Ей было обидно за мужа, за испорченный вечер, за нерадостную встречу, но обиднее всего ей было за свои дивные, бесповоротно испорченные туфли. Как она утром их наденет, если они так скукожились, свернувшись почти подковой? Кажется, они стали вдвое короче и уже! Утром надо попробовать натянуть их на ногу и так посушить. А если не налезут? Но у нее же нет другой обуви!
Вдруг ее пронзила жуткая мысль. Ее «оскверненные» туфельки – плохая примета, знак, предупреждающий о крахе всех ее надежд. В это мгновение она почувствовала, что рушатся все ее мечты об алых парусах, гранатовом браслете, о сонетах, который когда-нибудь будут написаны в ее честь. Жизнь кончилась, так и не начавшись. Что же она теперь скажет маме?
Хуже быть не могло. Уронив голову на руки, она зарыдала.
Говорить было не о чем, вернее, незачем. Поэтому оба молчали. Каждый представлял, что думает другой, но произнести вслух даже одно слово не хватало смелости.
Когда слезы кончились, Маша почувствовала дикую слабость. Голова кружилась, в ушах стоял какой-то звон. Ей захотелось лечь прямо на пол, чтобы не упасть.
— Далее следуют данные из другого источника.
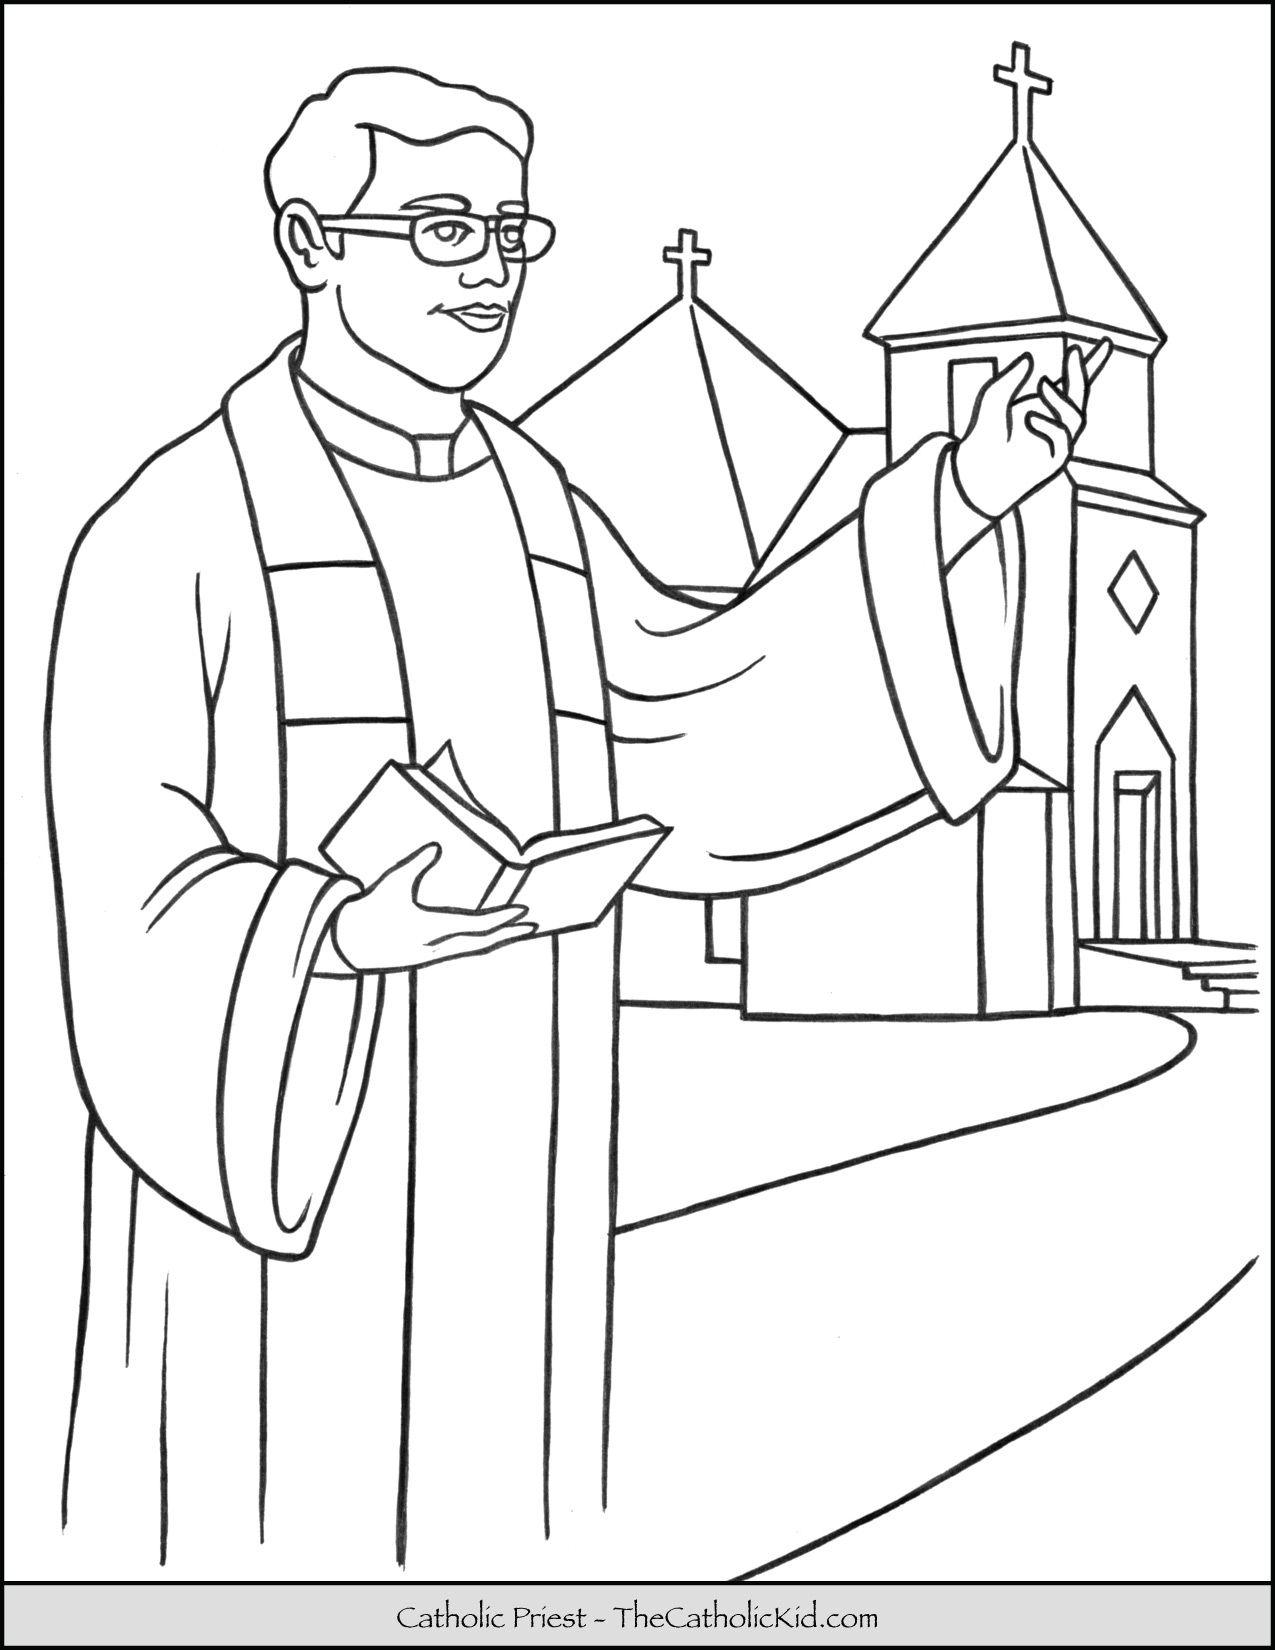 Catholic Priest Coloring Page Thecatholickid Com Catholic

Андрей тоже очень ослаб, он с трудом держался на ногах, мысли туманились. Главное, ему хотелось хоть немного успокоить Машу, просить у нее прощения за себя, за свою семью, за то, что не сумел сказать отцу «нет» – он сам так надеялся восстановить хоть что-то! Ведь ничего другого он и не ожидал, и было напрасно надеяться на чудо. Отец прав, он – слабак, он виноват, виноват, виноват… Но слова застревали в горле. Теперь он даже боялся подумать о том, что будет завтра. И все же он стал уговаривать Машу хоть немного вздремнуть, а он «постережет ее сон». Маша ничего не ответила. Но еще через полчаса она, обессиленная, рухнула в железный «гамак» и задремала. Андрей сел рядом на самый край рамы.
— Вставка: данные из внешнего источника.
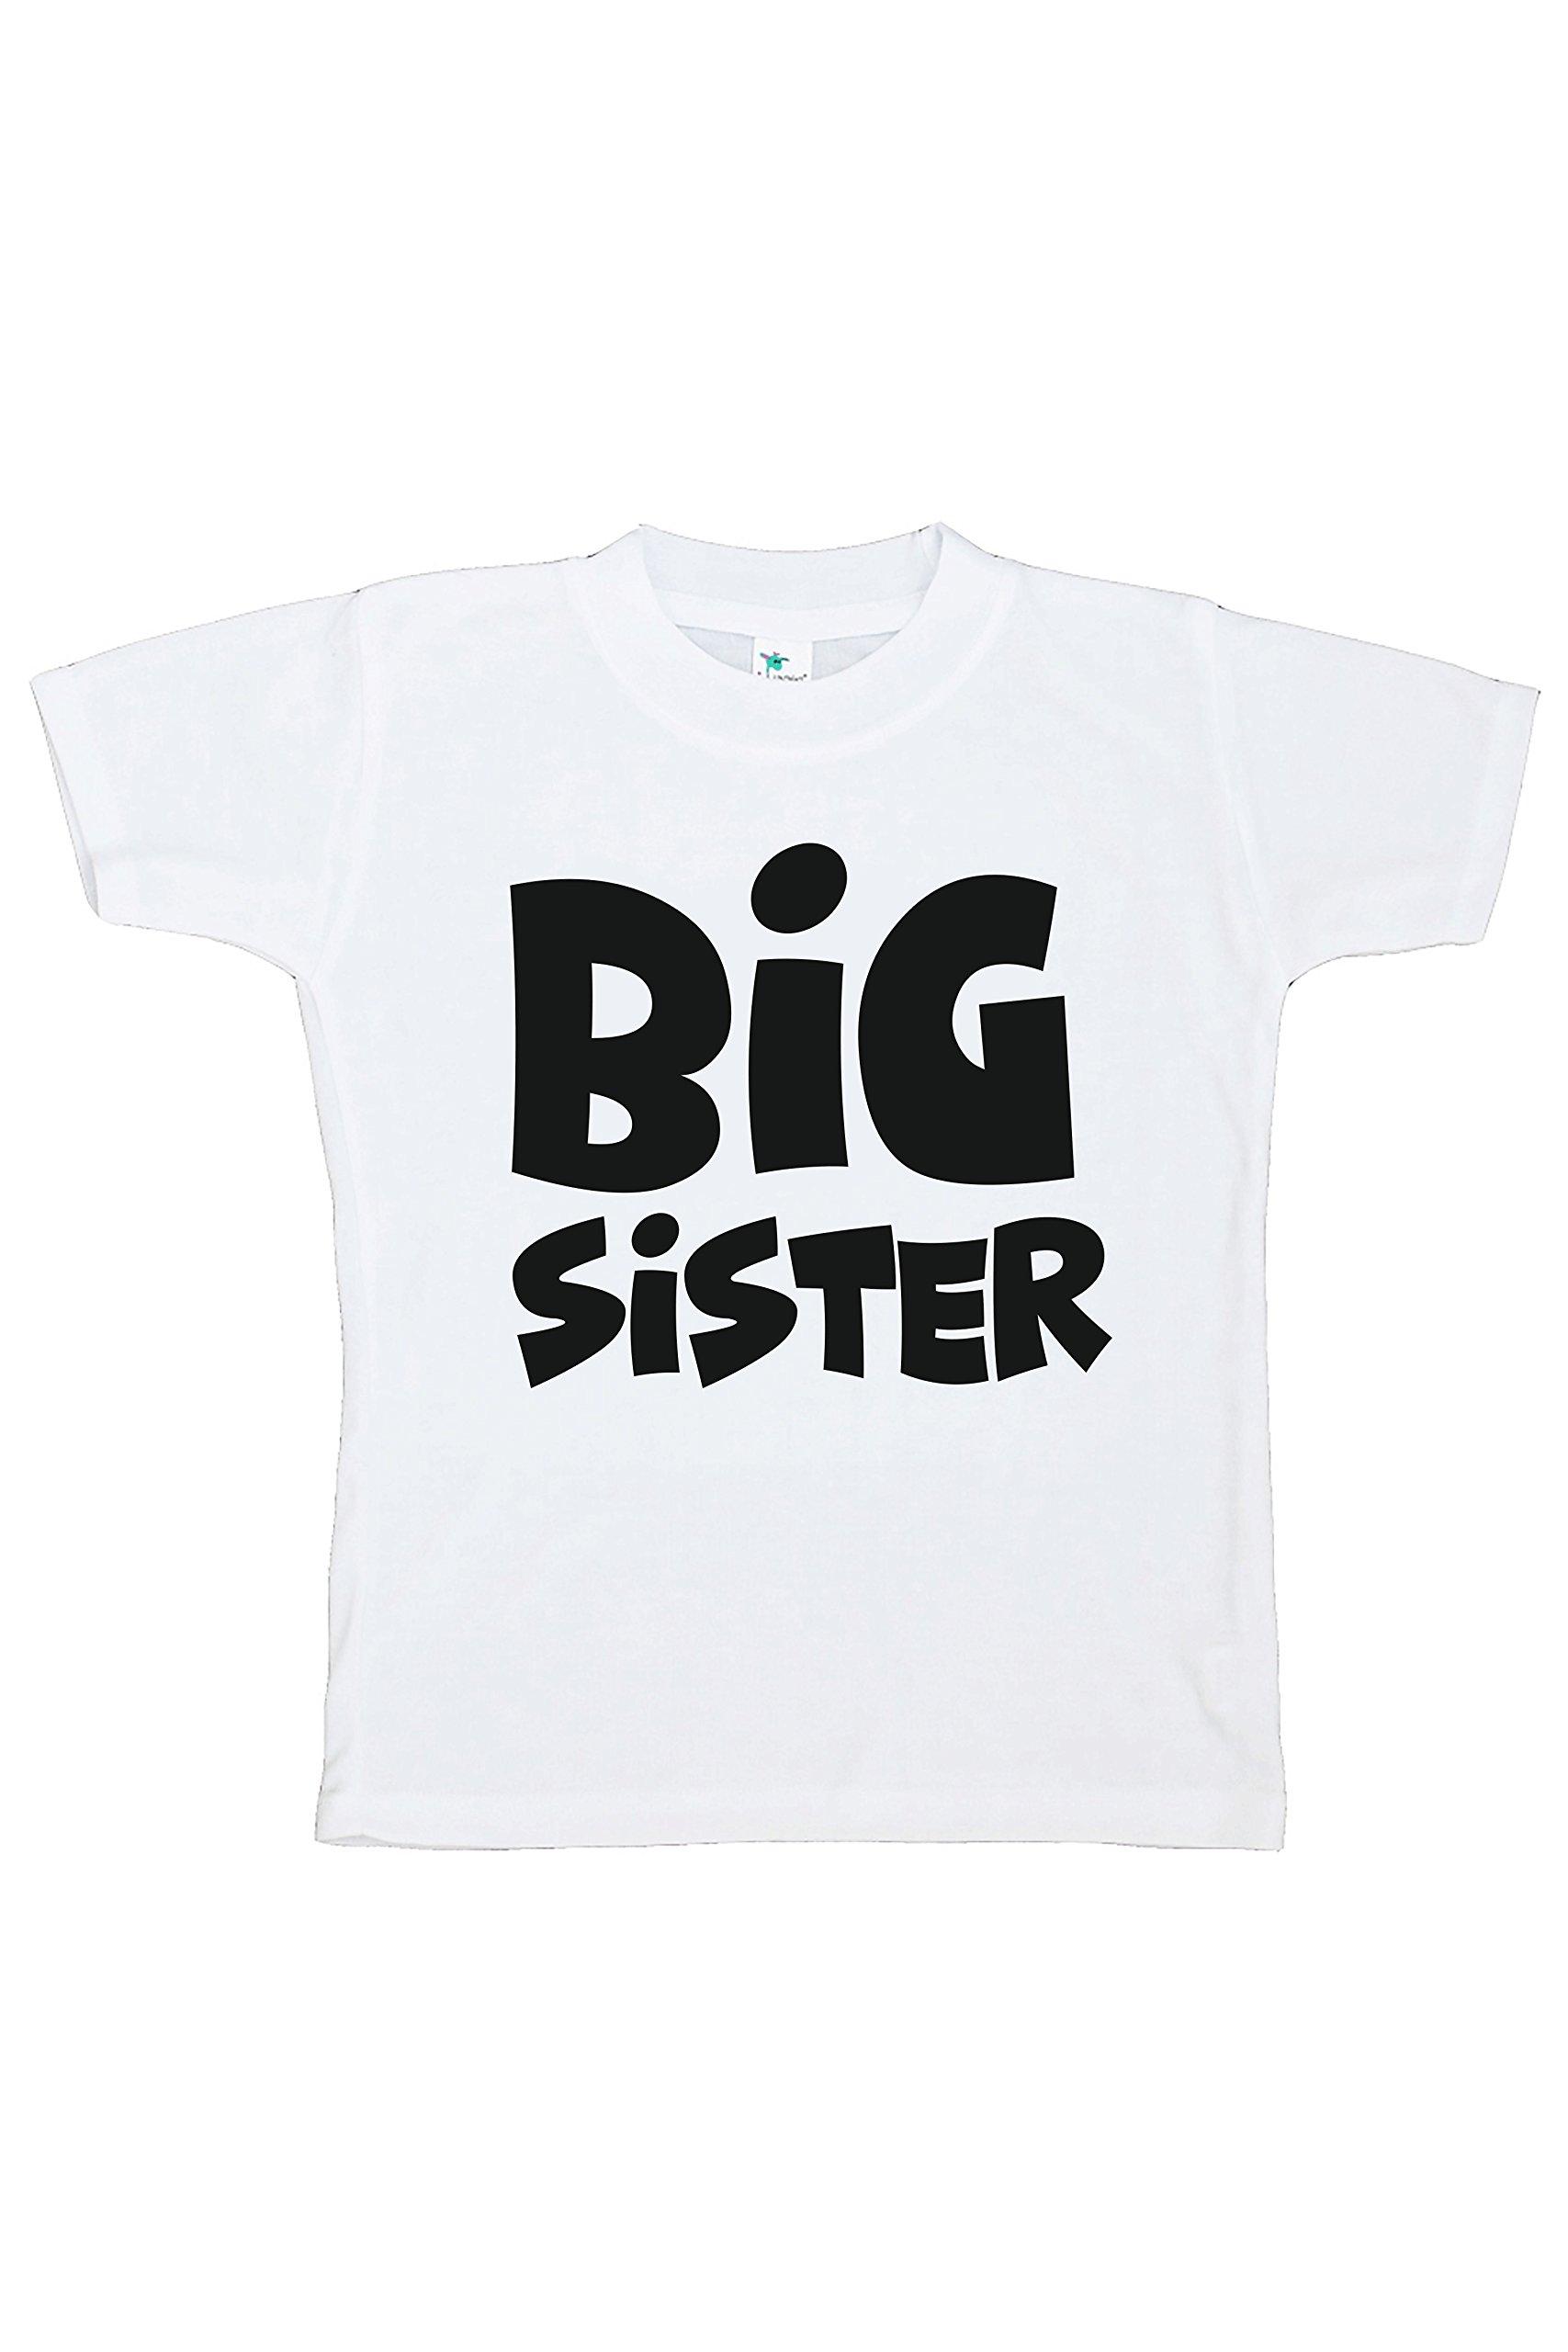 7 ate 9 Apparel Girl's Big Sister T-Shirt

В коротком забытьи Маше казалось, что Андрей легонько гладит ее по волосам, но сейчас каждое его прикосновение было ей неприятно. Она раздражённо оттолкнула его руку: «Не надо», и вдруг почувствовала, что с головы ее что-то упало и легонько стукнулось о пол. Маша открыла глаза и попыталась разглядеть, что же упало, но на темном полу ничего не было видно. Тогда она подняла взгляд и, о, ужас! Не обращая внимания ни на свет из окна, ни на присутствующих людей, огромные тараканы, пошевеливая усами, ползли по стене строем, словно знаменосцы на параде. Они вели себя как истинные хозяева этой терраски, дома и даже целого города. Маша зажала обеими руками рот, чтобы не заорать от брезгливости и омерзения, потом быстро сдернула с кровати простыню, сильно встряхнула ее, и глухой звук падающих тараканьих тел показался ей шумом дождя. Она быстро завернулась в простыню с головой, так что остались одни глаза, залезла на табуретку и поджала под себя ноги.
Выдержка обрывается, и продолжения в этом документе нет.